The prisons on Sakhalin have been described as hotbeds of vice; the only classification of prisoners is one based on the length of sentence. Some imperfect attempt is made to separate those waiting trial from the recidivist or hardened offender, but too often the association is indiscriminate. Prison discipline is generally slack and ineffective, the staff of warders, from ill-judged economy, too weak to supervise or control. The officers themselves are of inferior stamp, drunken, untrustworthy, overbearing, much given to “trafficking” with the prisoners, accepting bribes to assist escape, quick to misuse and oppress their charges. Crime of the worst description is common.

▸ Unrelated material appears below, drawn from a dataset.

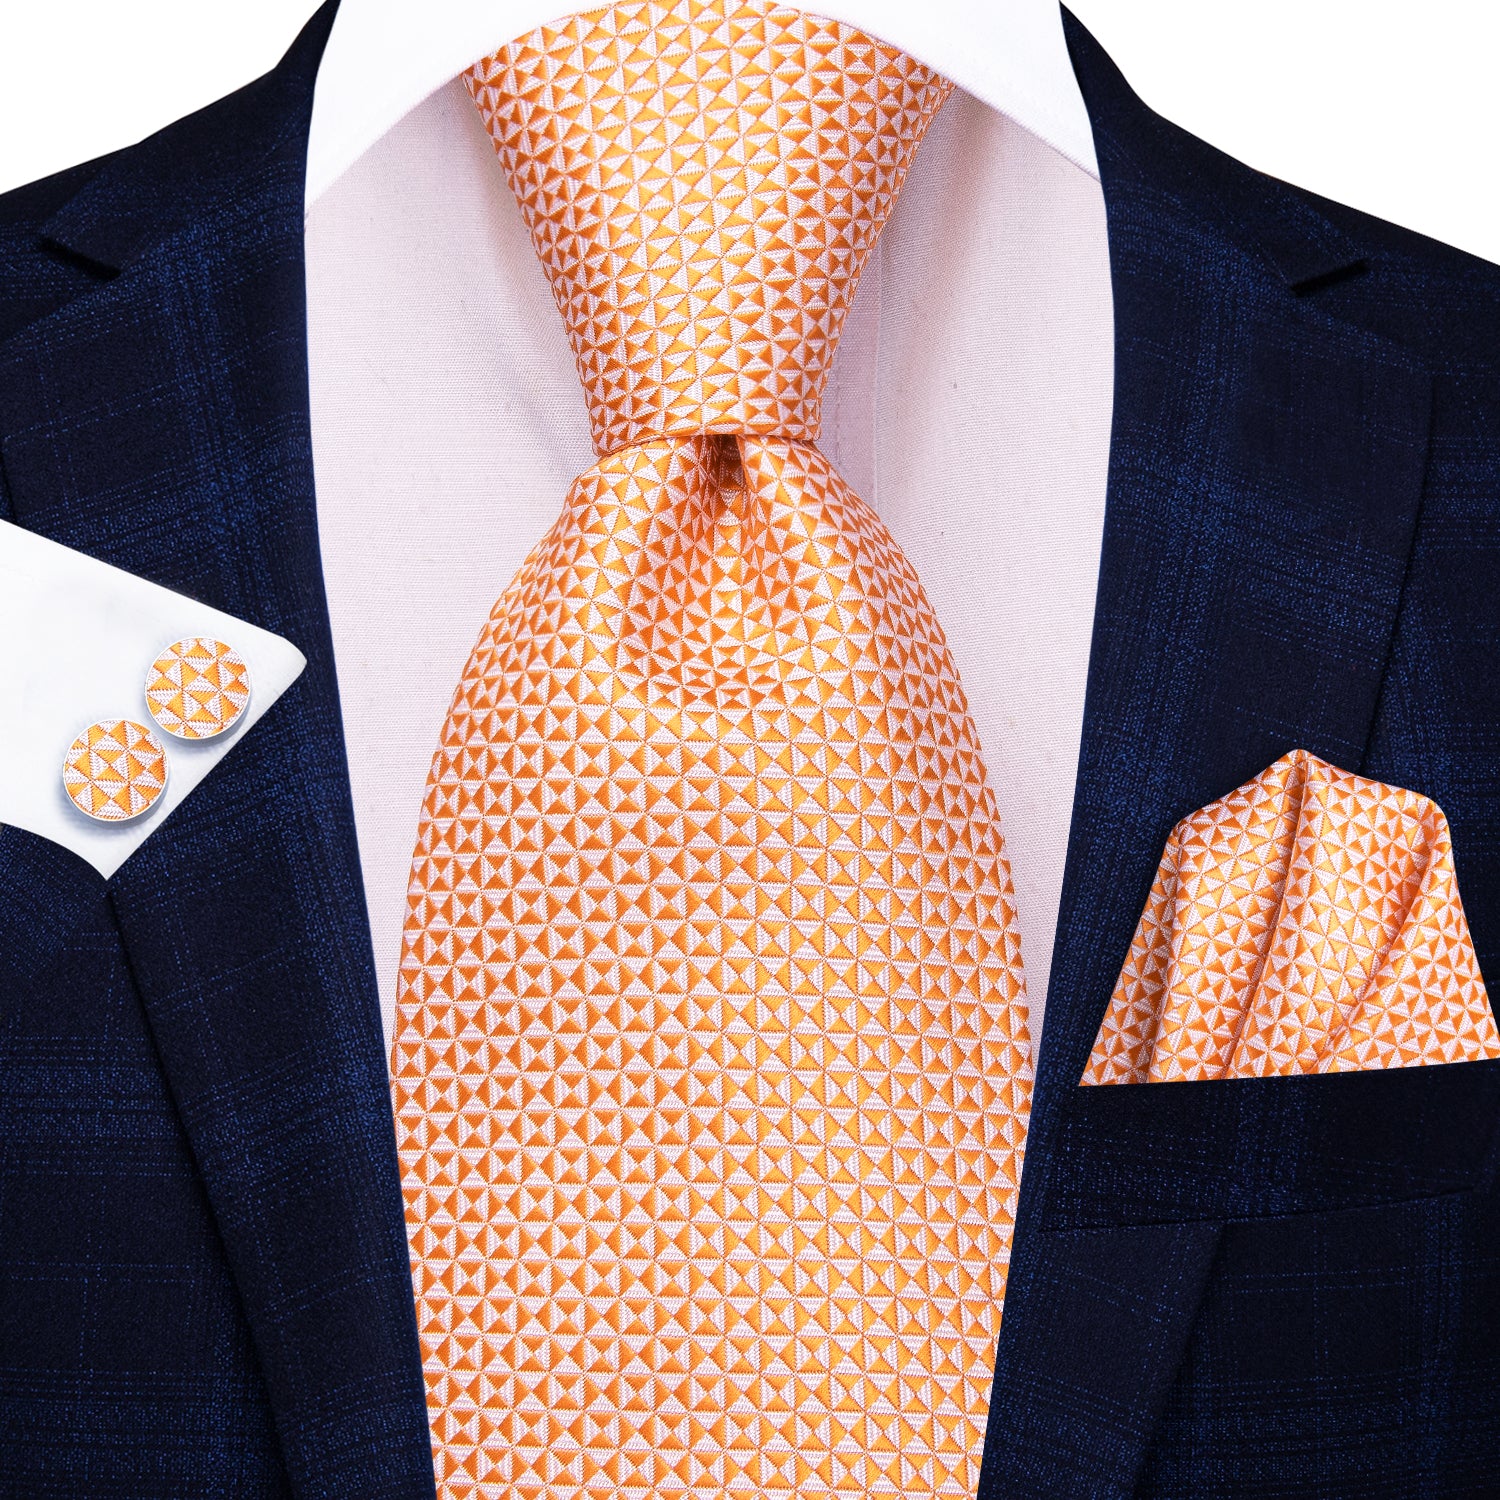 Hi-Tie Orange Novelty Men's Tie Pocket Square Cufflinks Set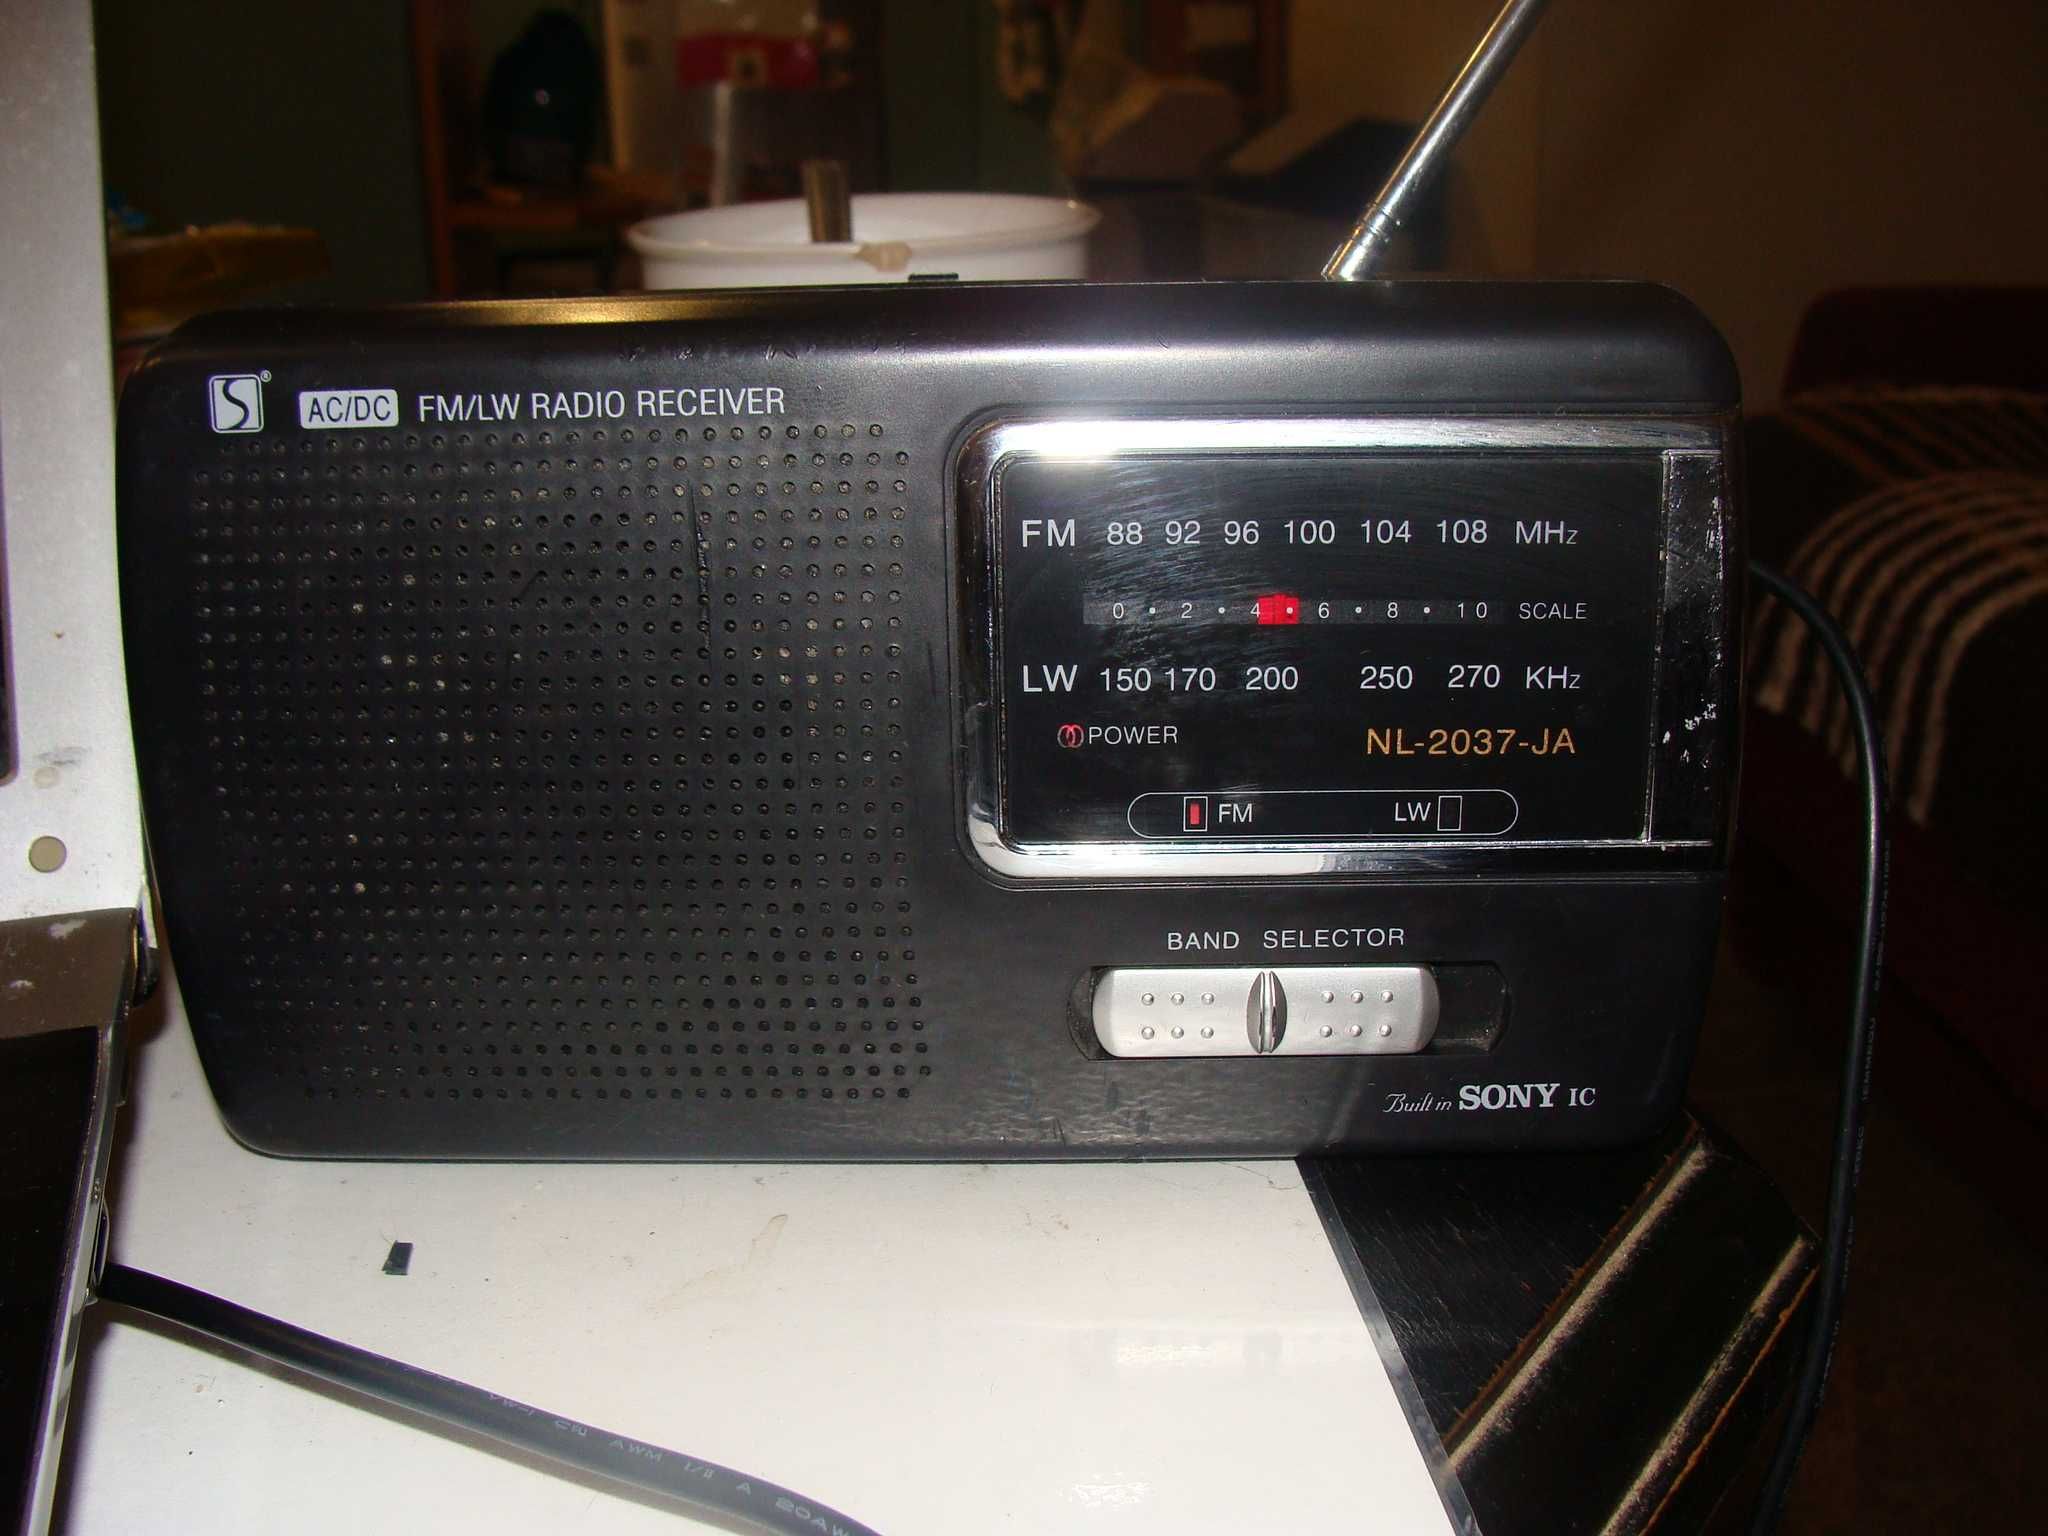 Radio przenośne Sony NL-2037-JA

Italy has practised deportation in planting various agricultural colonies upon the islands to be found on her coast. They were meant to imitate the intermediate prisons of the Irish system, where prisoners might work out their redemption, when provisionally released. Two were established on the islands of Pianoso and Gorgona, and there were settlements made on Monte Christo and Capraia. They were used also to give effect to the system of enforced residence or domicilio coatto.
Portugal also has tried deportation to the African colony of Angola on a small scale with some success, and combined it with free emigration. The settlers have been represented as well disposed towards the convicts, gladly obtaining their services or helping them in the matter of security. The convict element is orderly, and, although their treatment is “peu repressive et relativement debonnaire,” few commit offences.